Примечательно то, что, несмотря на ужасающие условия жизни, нарастающий большевистский террор и первые попытки коммунистов обуздать культуру, искусство продолжало развиваться. Творческие импульсы начала века непрестанно приносили плоды, и, как писал Андрей Белый, «в самые тяжкие дни России она стала похожа на соловьиный сад, — поэтов народилось как никогда раньше: жить сил не хватает, а все запели»[67]. Какое-то время творчество еще развивалось более или менее свободно, однако вскоре художественная жизнь была поставлена в столь жесткие рамки, что это быстро привело к трагическим последствиям.
Первыми результаты действий новой власти почувствовали на себе художники и литераторы. В апреле 1918 года при Народном комиссариате просвещения был создан отдел изобразительных искусств, руководителем которого назначили художника Давида Штеренберга. В состав коллегии, образованной при этом отделе, вошли писатели-футуристы Владимир Маяковский и Осип Брик, а также архитекторы Лев Руднев и Владимир Щуко. В подотдел вошел передовой отряд авангарда: Кандинский и Малевич, которые после начала Первой мировой войны вернулись в Россию, а также Павел Кузнецов, Илья Машков, Роберт Фальк, Ольга Розанова и Надежда Удальцова. В художественных школах вначале преподавали самые великие: в Петербурге — Татлин, в Москве — Кандинский, в Витебске — Шагал, а позднее Малевич, но продолжалось это недолго. Постоянные структурные и кадровые перемены в системе народного образования, непрекращающиеся дискуссии и споры привели к тому, что вся энергия тратилась на организационные цели, творчеству уделялось все меньше времени и о художественных задачах забывали. Власти умело разжигали художественный антагонизм, зародившийся еще перед революцией.

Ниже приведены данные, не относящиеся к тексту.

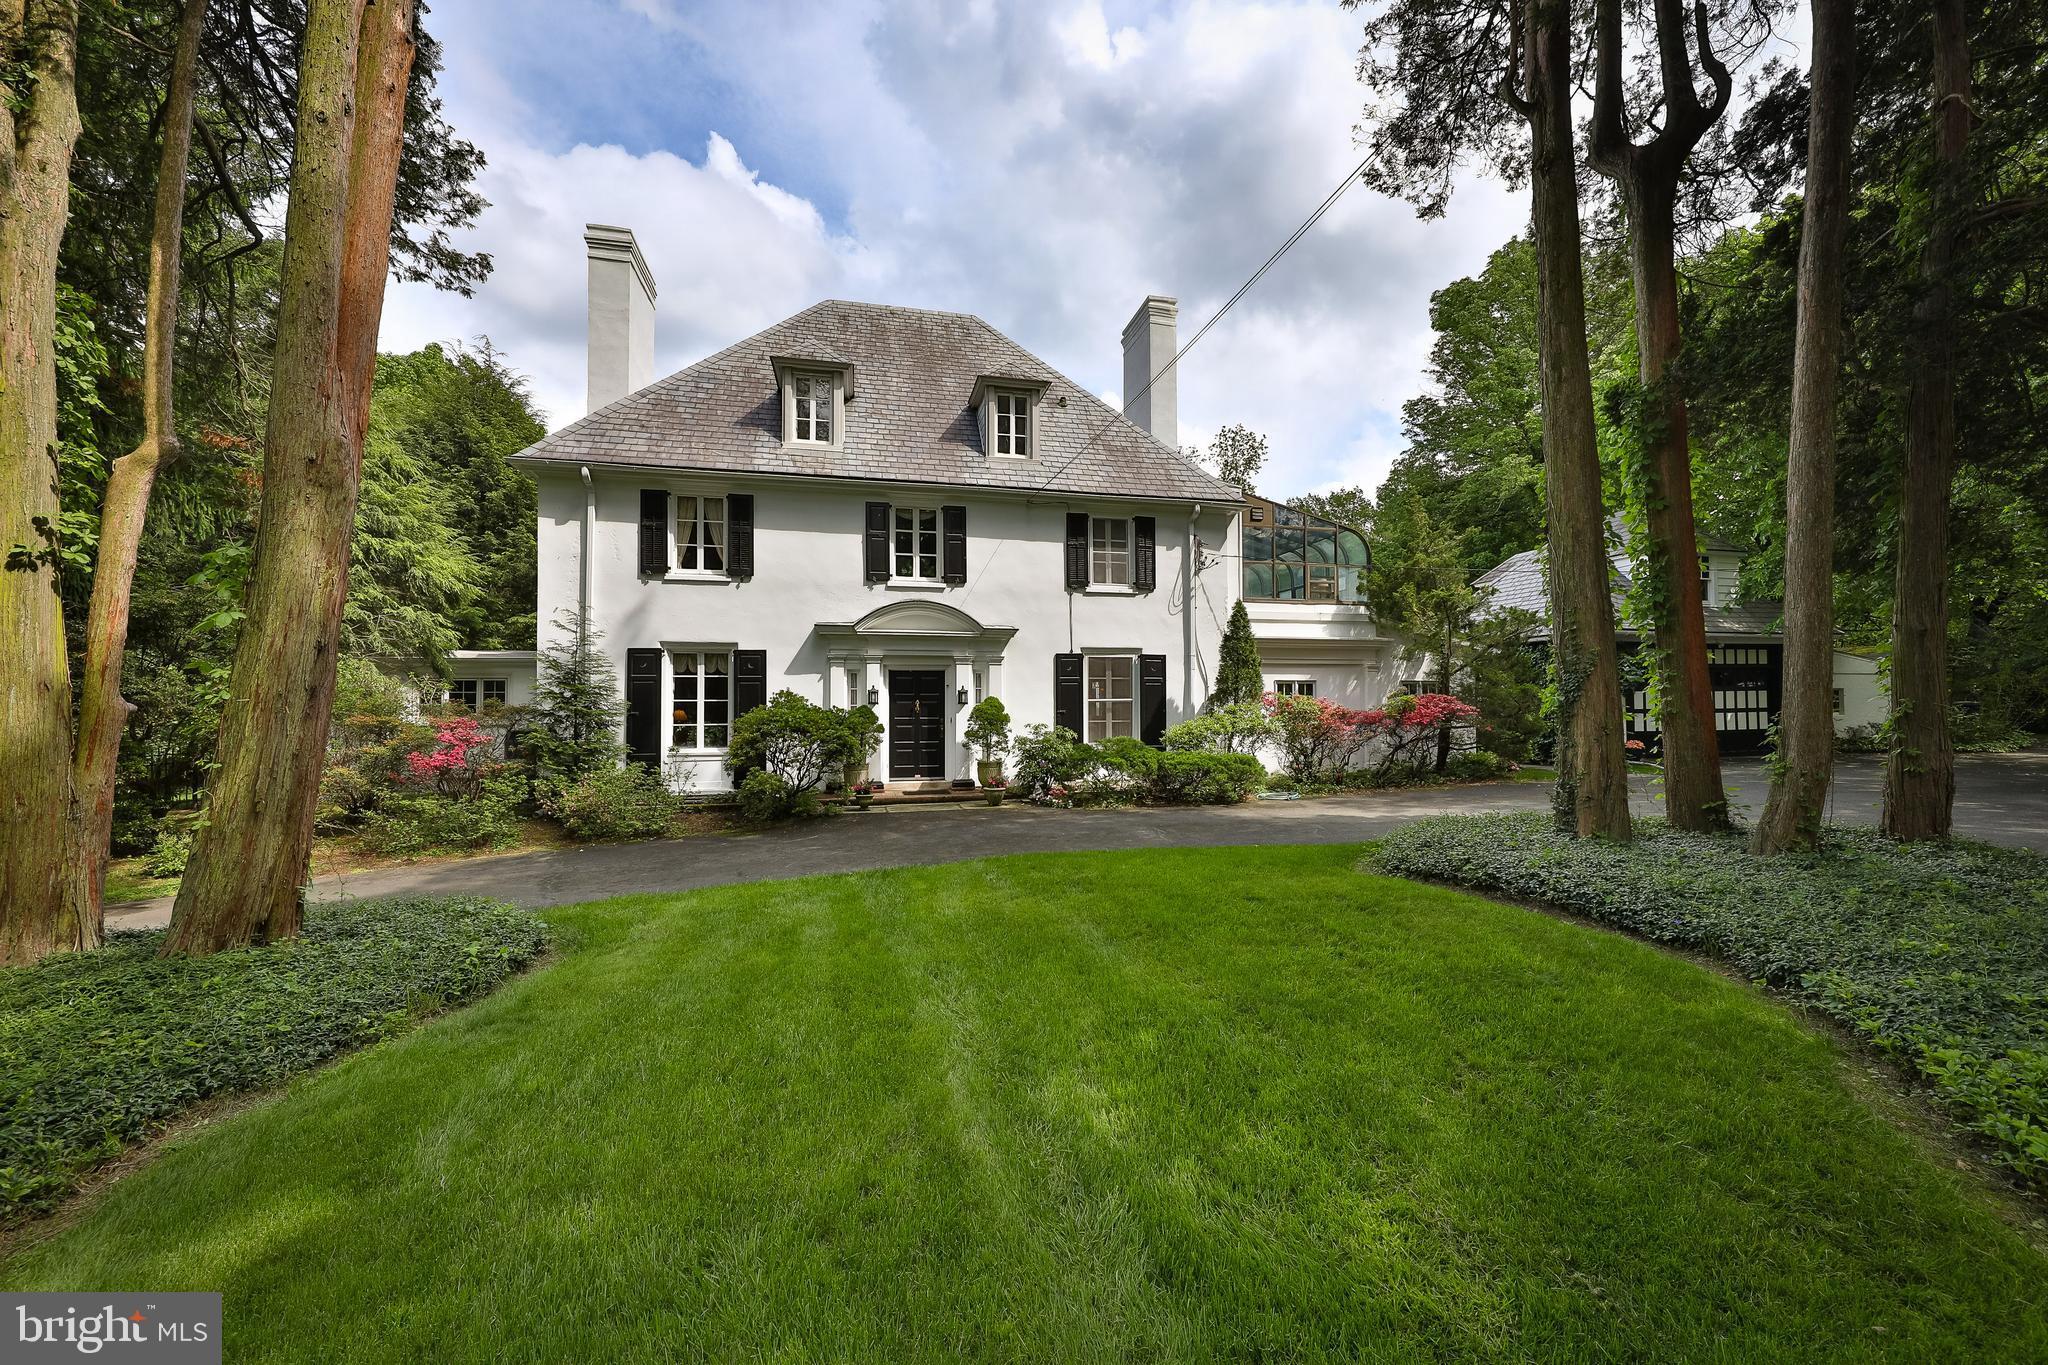 2151 Washington Lane, Huntingdon Valley, PA 19006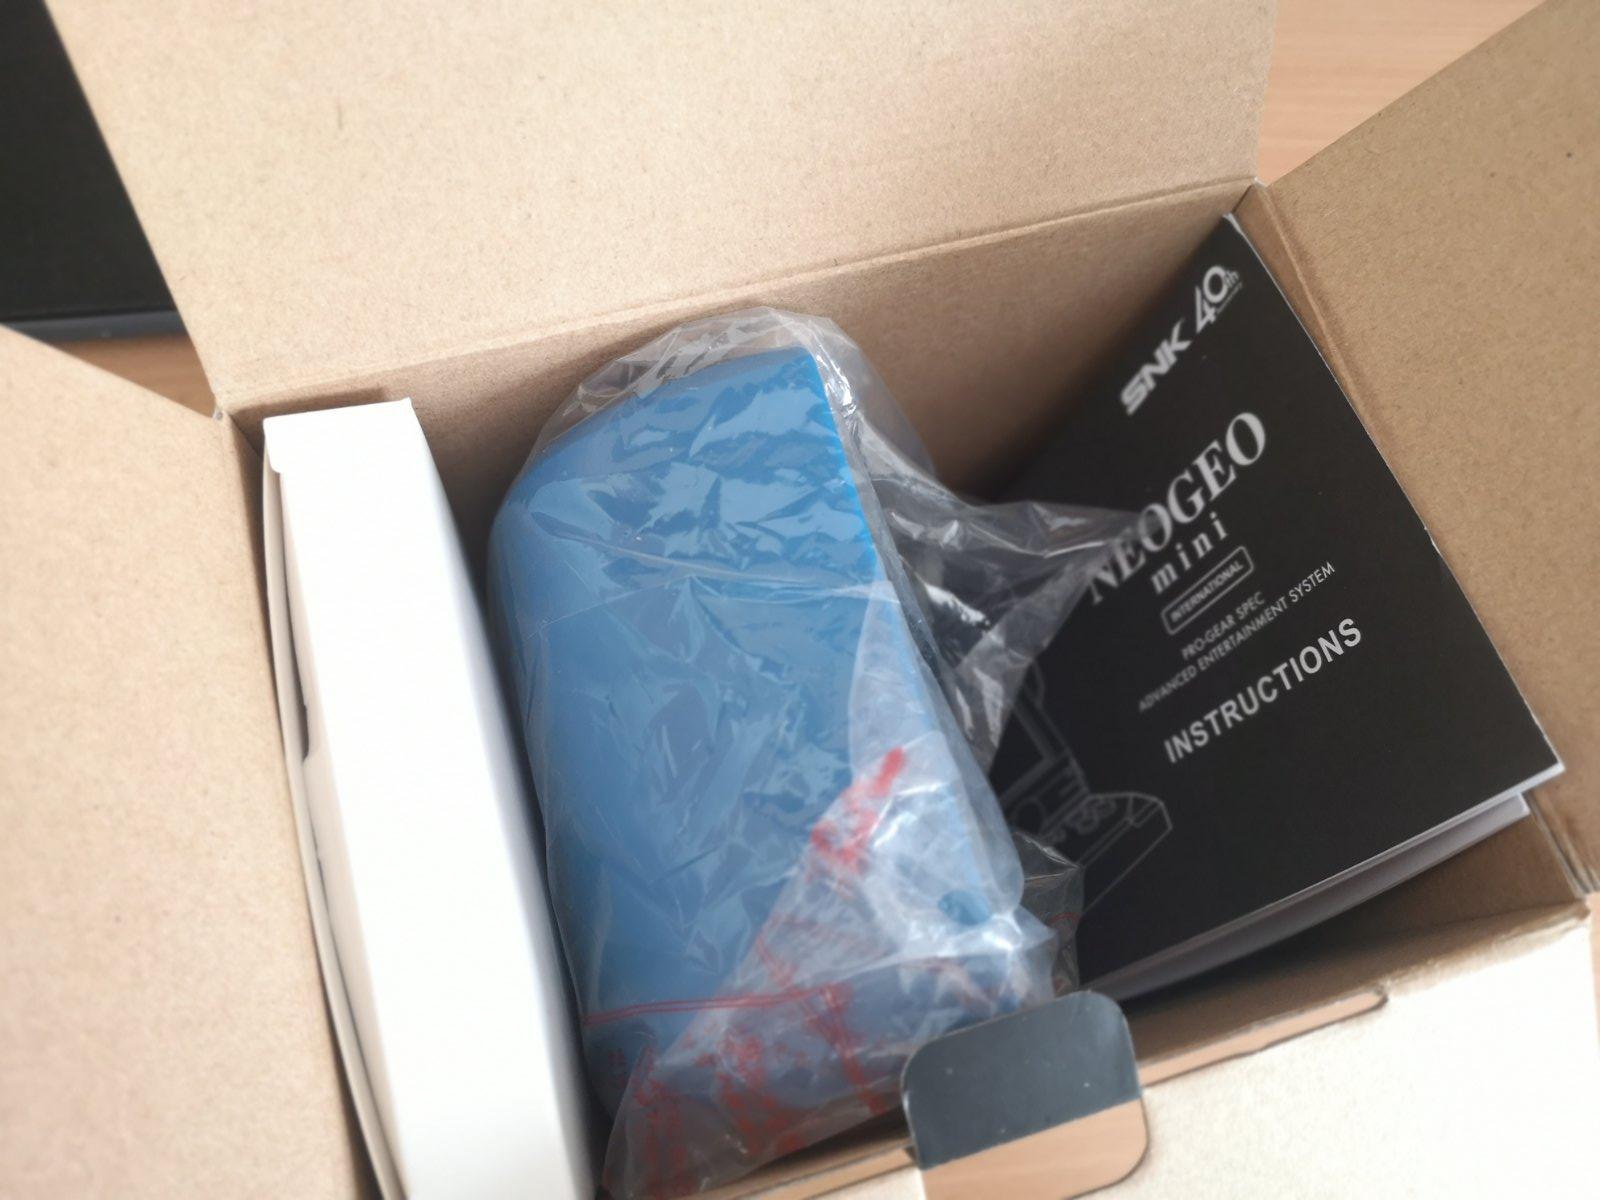 Neo Geo Mini doboz kidobva

Некоторые представители авангарда, преимущественно придерживавшиеся левых убеждений, были готовы сотрудничать с советской властью, и именно они начали постепенно задавать тон художественной жизни, тем более что в 20-х годах партия еще предоставляла возможность для реализации смелых идей. Сравнительно выгодные условия были созданы архитекторам, хотя волна конструктивистского авангарда, поднявшаяся сразу перед революцией, лишь короткое время имела шанс на официальное признание. К тому же масштаб начинаний был настолько велик, что только немногие из них удалось реализовать. Так, не осуществлены были ни памятник III Интернационалу по проекту Татлина (1919–1920), ни «архитектоны» и «планиты» Малевича (1922–1928), ни проект здания «Ленинградской правды» Ладовского (1923), ни заказанные у Ле Корбюзье и Гропиуса проекты Дворца советов. Когда же в 30-е годы утвердилась доктрина социалистического реализма, со всеми модернистскими архитектурными направлениями было покончено.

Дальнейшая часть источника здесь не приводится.